The UK faces a productivity challenge that acts as a drag on its trade performance across the board. Despite some progress in closing the gap, prior to the global financial crisis the UK was less productive than most comparable large developed economies. For the UK to pay its way in the world, and capitalise on those growth opportunities occurring across the globe, it must maximise openness to boost productivity and become more competitive.
Globalisation and the rise of emerging markets present a great opportunity for Britain. Openness to global exports, imports, investment and migration combined with the right industrial strategy and policies to boost skills levels can drive a virtuous circle of increased productivity and competitiveness that will support growth and exports, creating jobs and boosting prosperity.
In the current wave of globalisation, the world economy is becoming more open and integrated, with tariff barriers lower than ever before and non-tariff barriers being lowered to help facilitate a boom in supply-chain trade. However, it is increasingly difficult to make progress through multilateral deals at the World Trade Organization, with the Doha Round struggling to deliver results since its inception in 2001. Instead, a variety of bilateral and regional trade deals are taking the lead in dismantling trade barriers – for example, for the last few decades the UK has used membership of the European Union as the vehicle for pursuing greater openness.
Long-term sustainable GDP growth is driven by improvements in productivity, especially in developed economies where workforce growth, catch-up capital accumulation and natural resources are limited (see Exhibit 11). By enabling resources and labour to be used more intensively, productivity growth both increases the overall size of an economy and improves real income and the standard of living. And, by raising efficiency and lowering the cost of goods and services, improvements in productivity raise a country’s competitiveness, enabling it to increase exports and participate in attractive high-value-added parts of global supply chains. Success for the UK in the modern global economy will not rest on competing for the lowest labour costs or handing out subsidies; it will instead be driven by boosting productivity through skills, technology and innovation.
The UK faces a substantial productivity challenge. For several decades, UK productivity has lagged behind not only that of the high-productivity United States but also that of comparable western European countries including Germany and France (see Exhibit 13). From the 1980s up until the financial crisis, UK overall productivity grew more rapidly than in other major advanced economies, but in 2007 it was still 9% below that of Germany and 20% below that of the US (while it had just pulled equal with that of France).

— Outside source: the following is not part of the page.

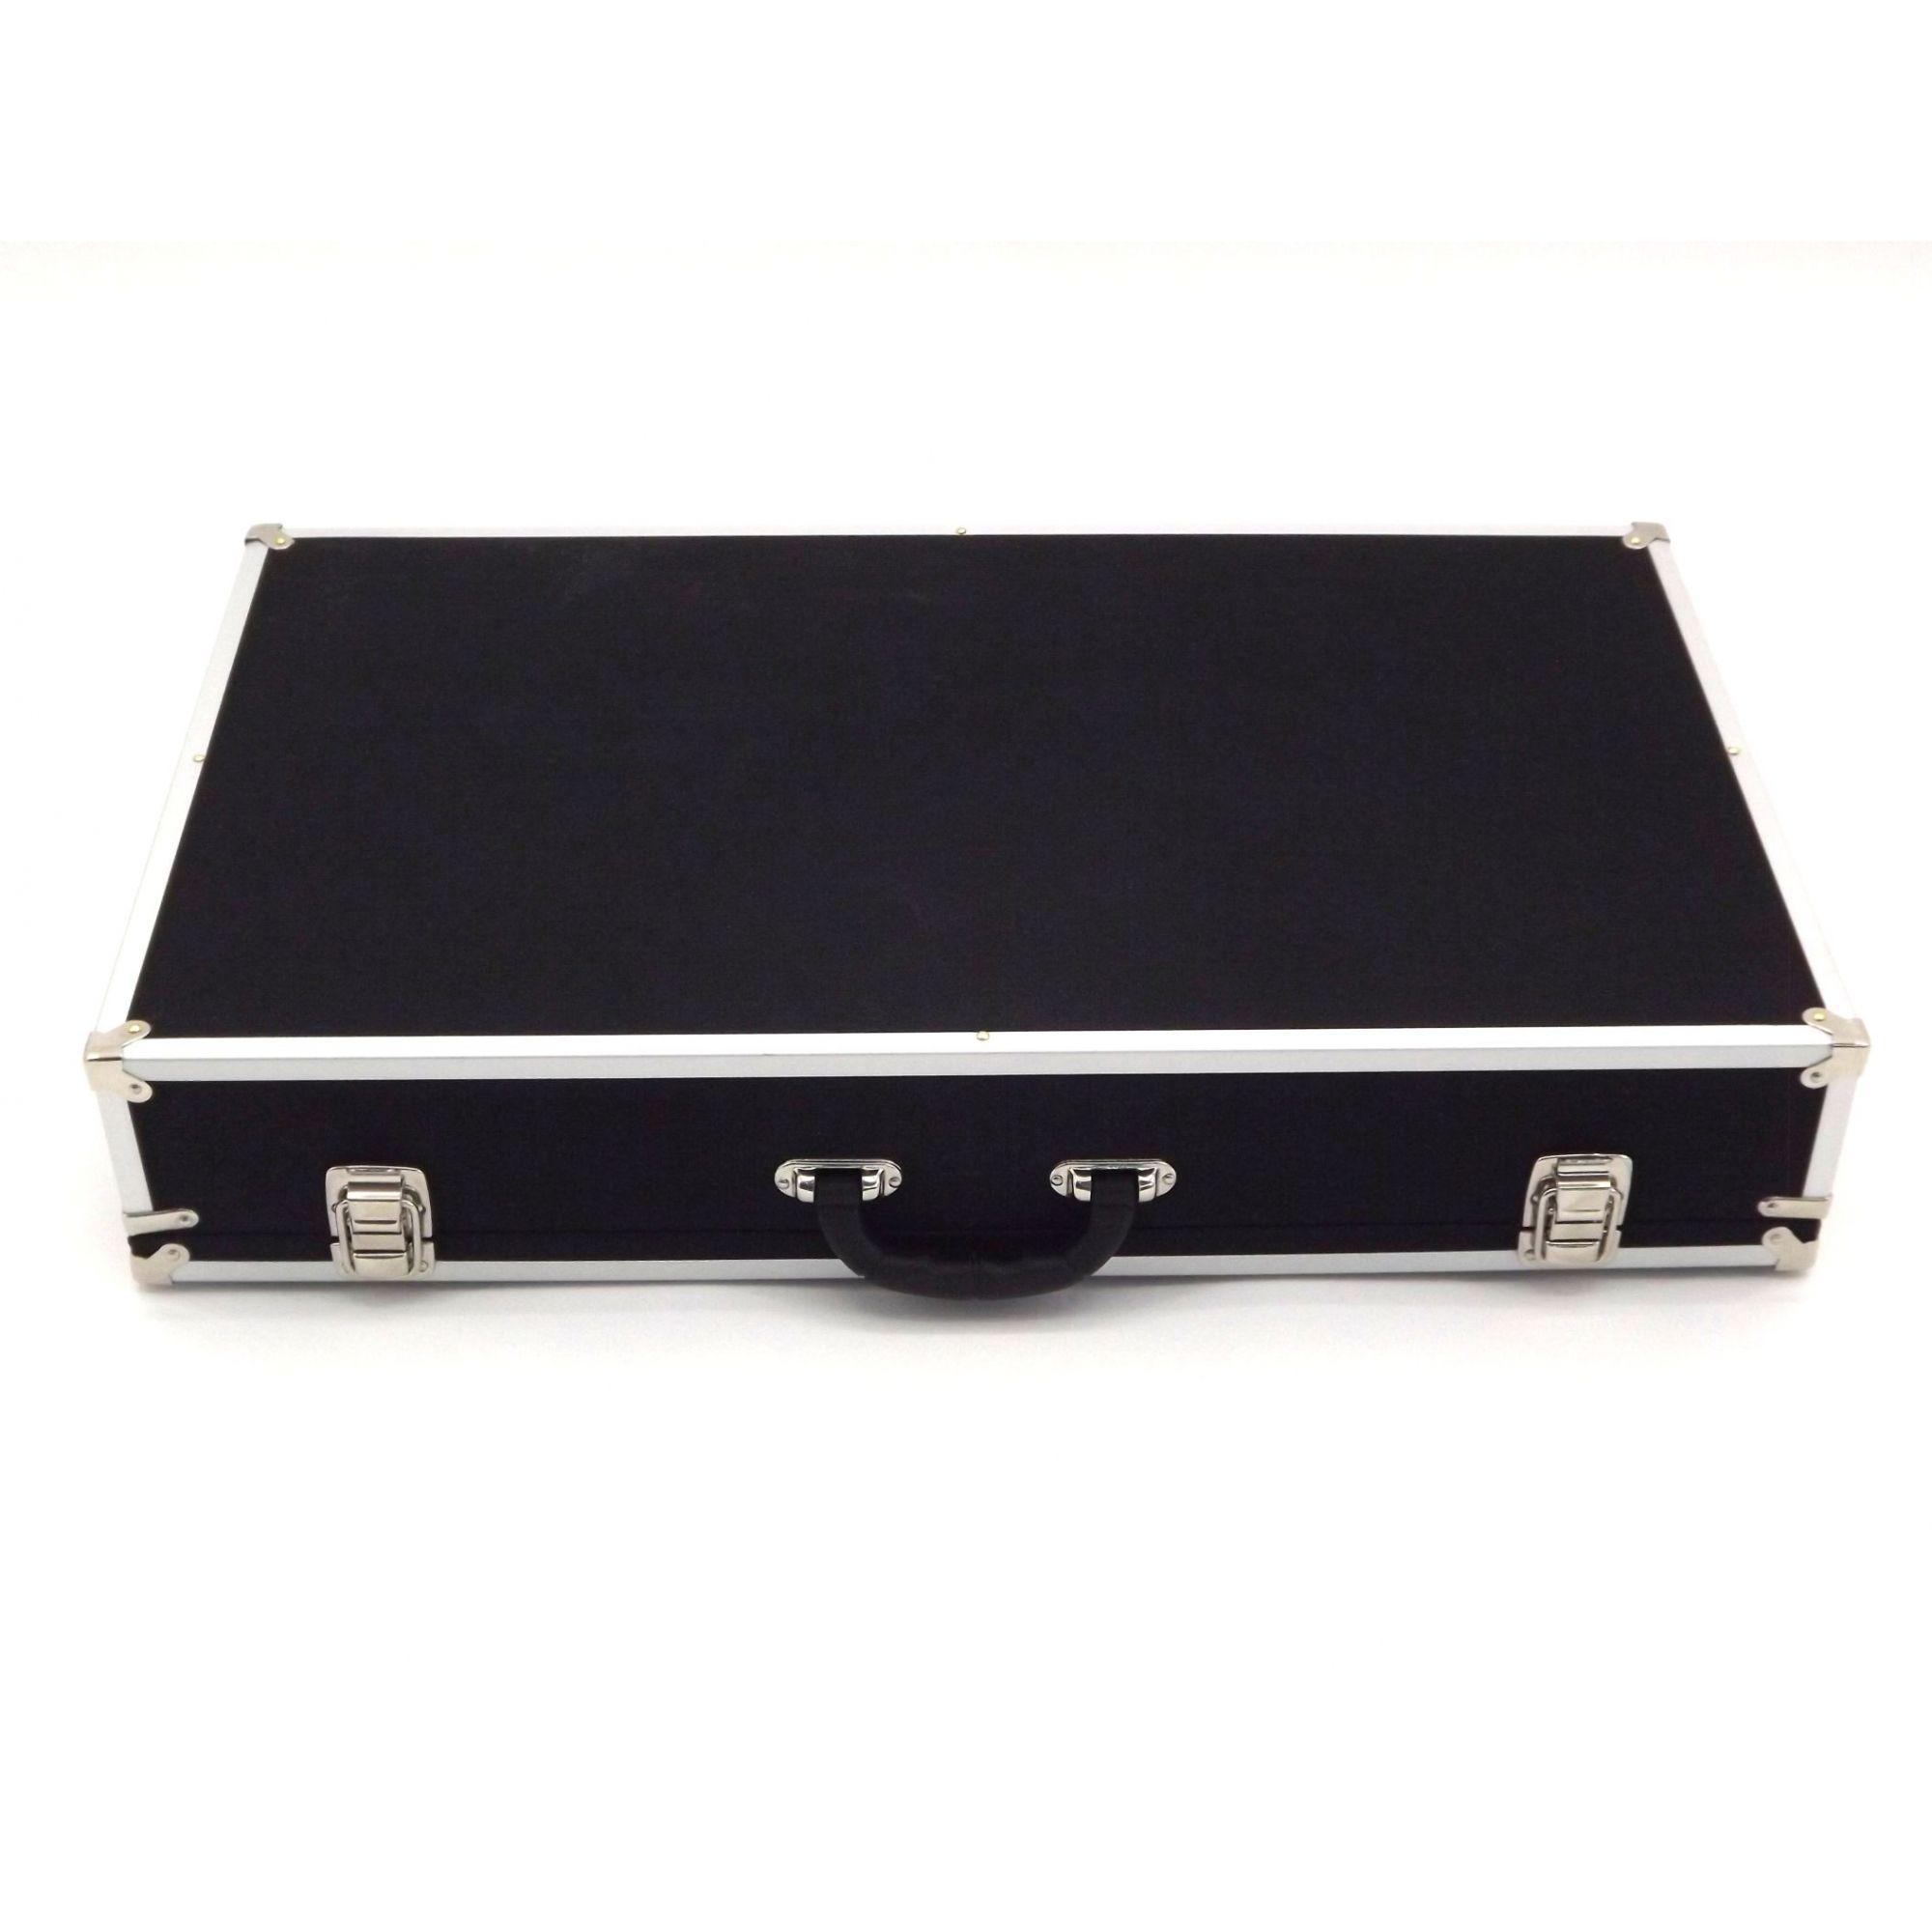 Case Pedais Pedaleira 60x33x10cm Super Luxo

UK productivity is a fifth lower than in the US
Since the global financial crisis in 2007, British labour productivity has declined sharply, as employment has performed surprisingly strongly considering the depth of the recession. While it remains unclear just how much of this shortfall in labour productivity is permanent and how total factor productivity has been affected – there may be a rebound in the coming years as GDP recovers – these figures underline the productivity and competitiveness challenge that the UK faced even prior to the downturn.
Exhibit 13: Britain’s productivity has historically lagged that of other advanced economies
|Total Factory Productivity (TFP)|
Source: Nicholas Crafts. The economic legacy of Mrs Thatcher, 2013
The UK has always been an open economy. However, by further opening its economy to exports, imports, international skilled labour and capital, the UK can benefit from a virtuous cycle of increased competitiveness, productivity and growth. Openness is promoted by:
Empirically, the link between international openness and productivity growth is backed by a study of 93 countries by the National Bureau of Economic Research (NBER), which found a clear link between openness and trend productivity growth, even after controlling for reverse causality (as well as openness driving productivity, increased productivity can drive greater openness).
To manage this openness effectively, however, domestic policy needs to be adapted to ensure that the UK economy is best placed to face the opportunities and challenges that being open to globalisation brings. The creation of an appropriate industrial strategy to maximise investment in productive sectors is essential, as is the need for suitable measures to handle the transition costs of structural changes to employment, managed migration, and skills policies to make sure the UK stays ahead of its competitors.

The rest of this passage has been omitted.